I trained the VOC dataset under Ubuntu 16.04 64bit, V100 16G, and 32G system memory. The difference between darknet and keras is still there, but it can detect most of the objects.

COCO dataset may be better.

GeHongpeng commented 6 years ago

@gittigxuy 你所说的临时文件都指哪些文件？

xugaoxiang commented 6 years ago

@GeHongpeng , and how to use the convert.py with the voc trained h5 file? Or should I use the trained_weights_final.h5 directly in yolo.py?

GeHongpeng commented 6 years ago

@xugaoxiang You can use the weight directly in the keras framework, you do not need to convert it. Because it was trained under keras framework.

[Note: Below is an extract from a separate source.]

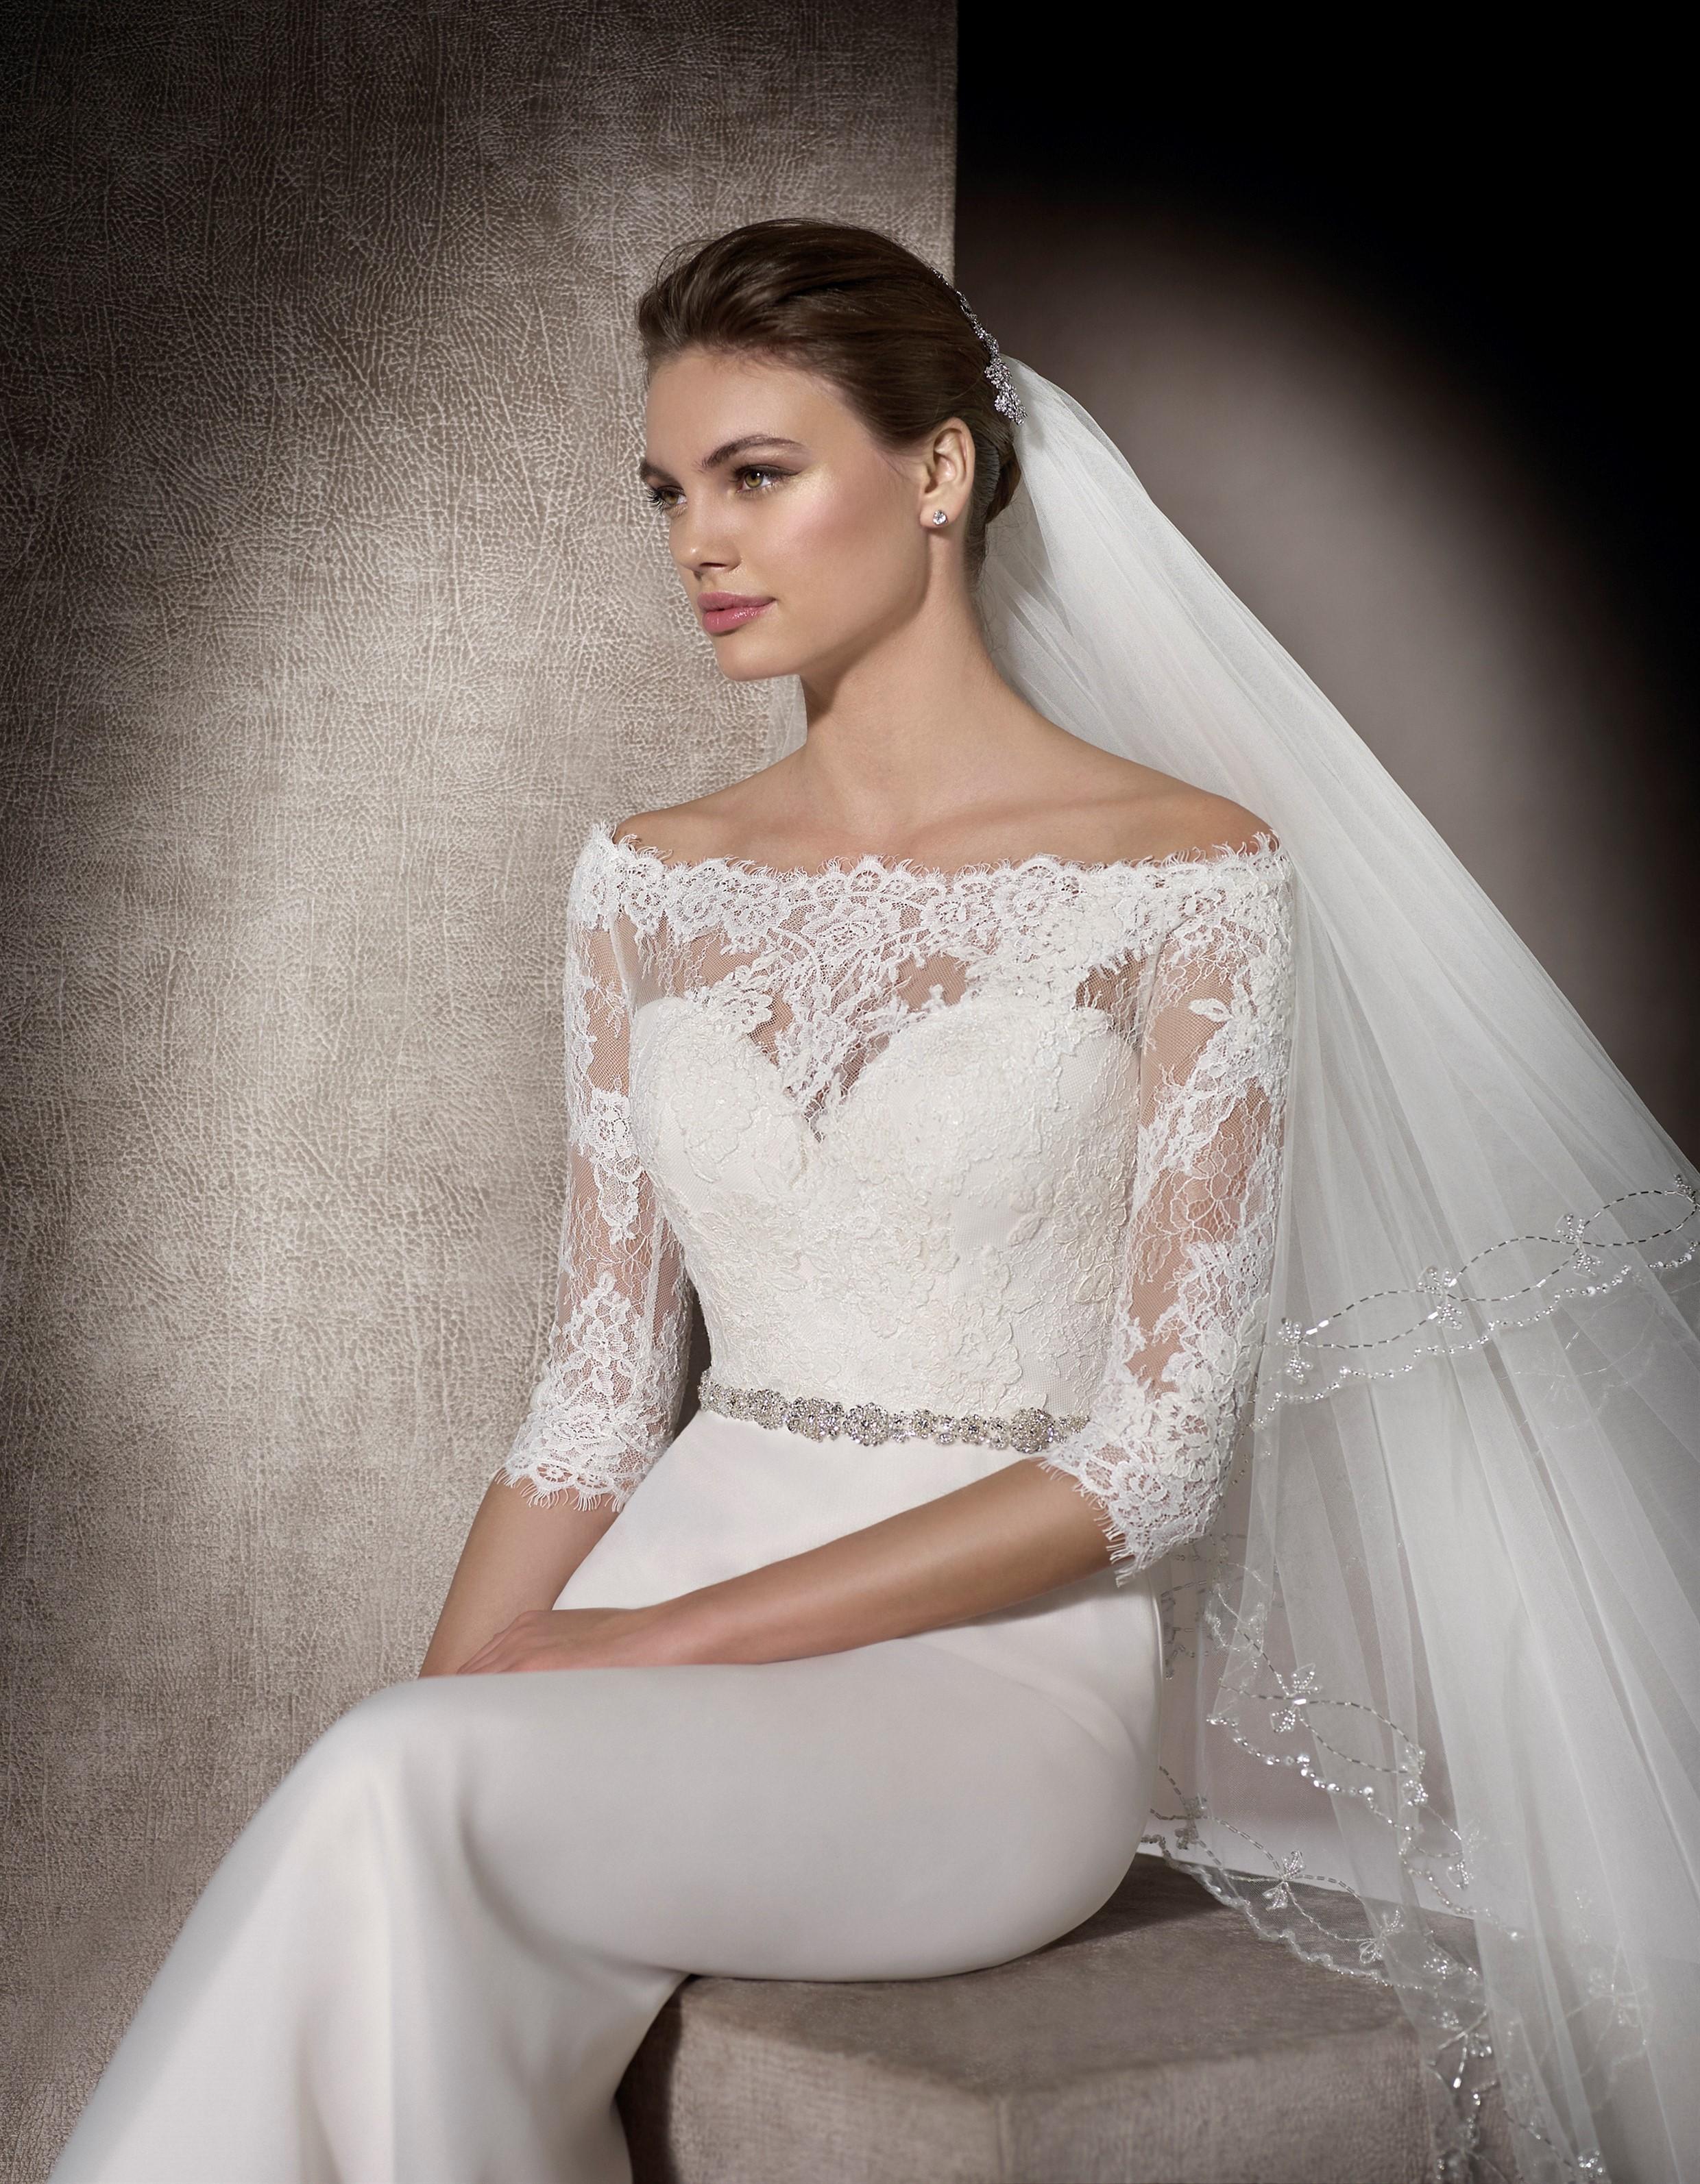 marissa wedding dresses photo - 1
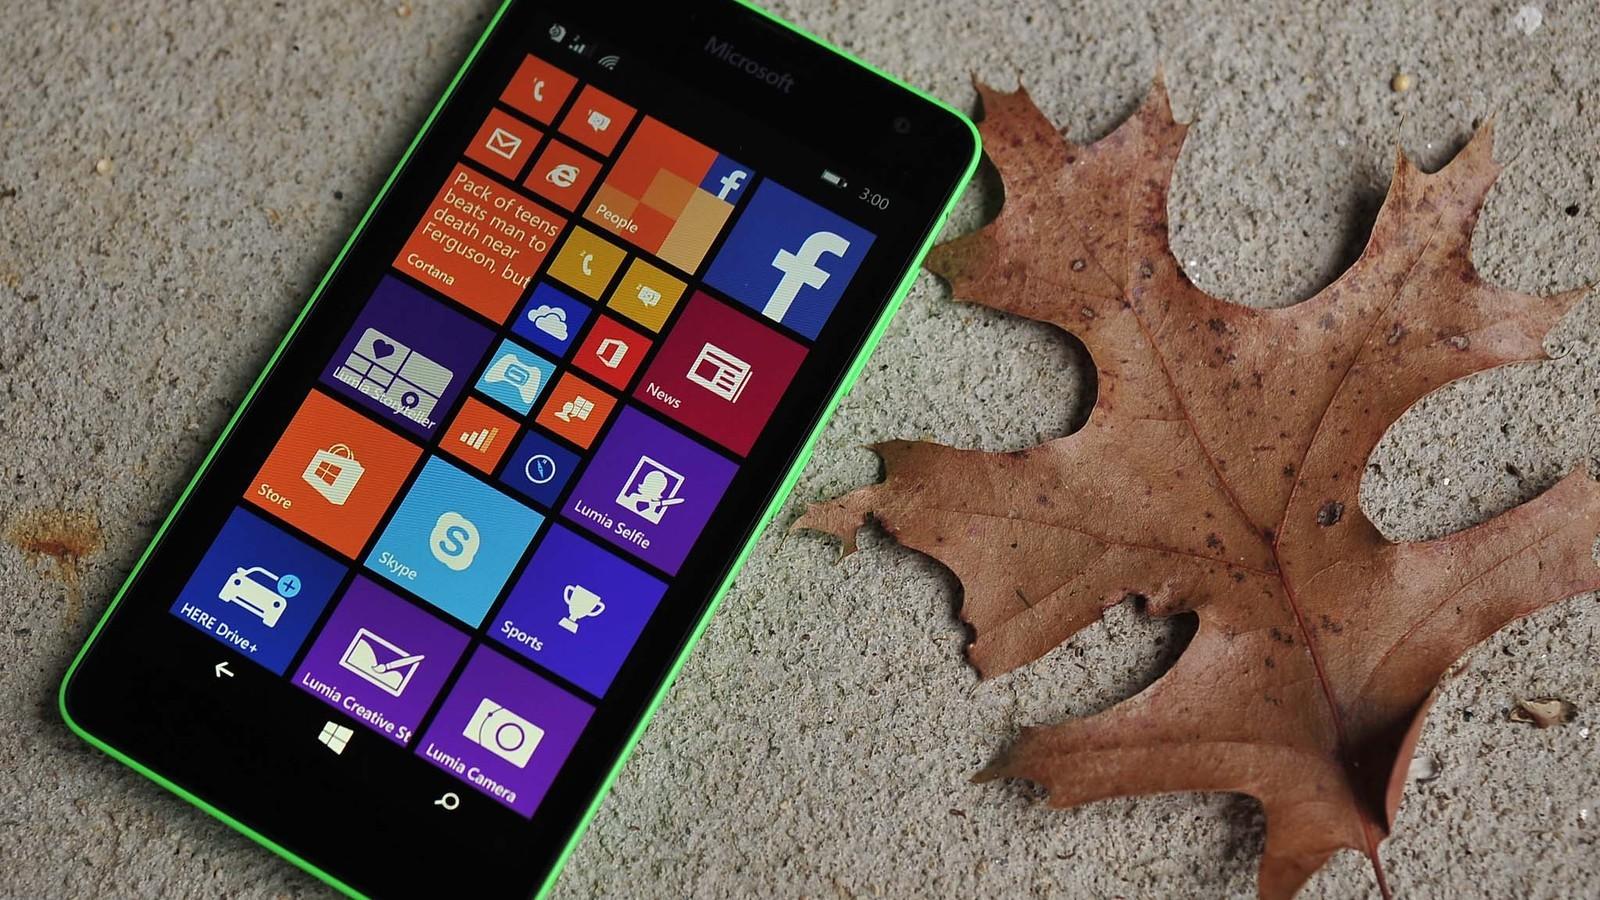 ban sua loi lumia 535 - Microsoft xác nhận tung ra bản sửa lỗi cảm ứng cho Lumia 535

You can convert the darknet53 weight which you can download from yolov3 website to do warming up in the first 30 or 50 epoches freezing the darknet53 backbone, then unfreeze it for further training.

xugaoxiang commented 6 years ago

@GeHongpeng , thank you.

I keep two classes in voc_classes.txt (car and person, same as classes in voc_annotation.py), but NO box was found using the trained_weights_final.h5. Why?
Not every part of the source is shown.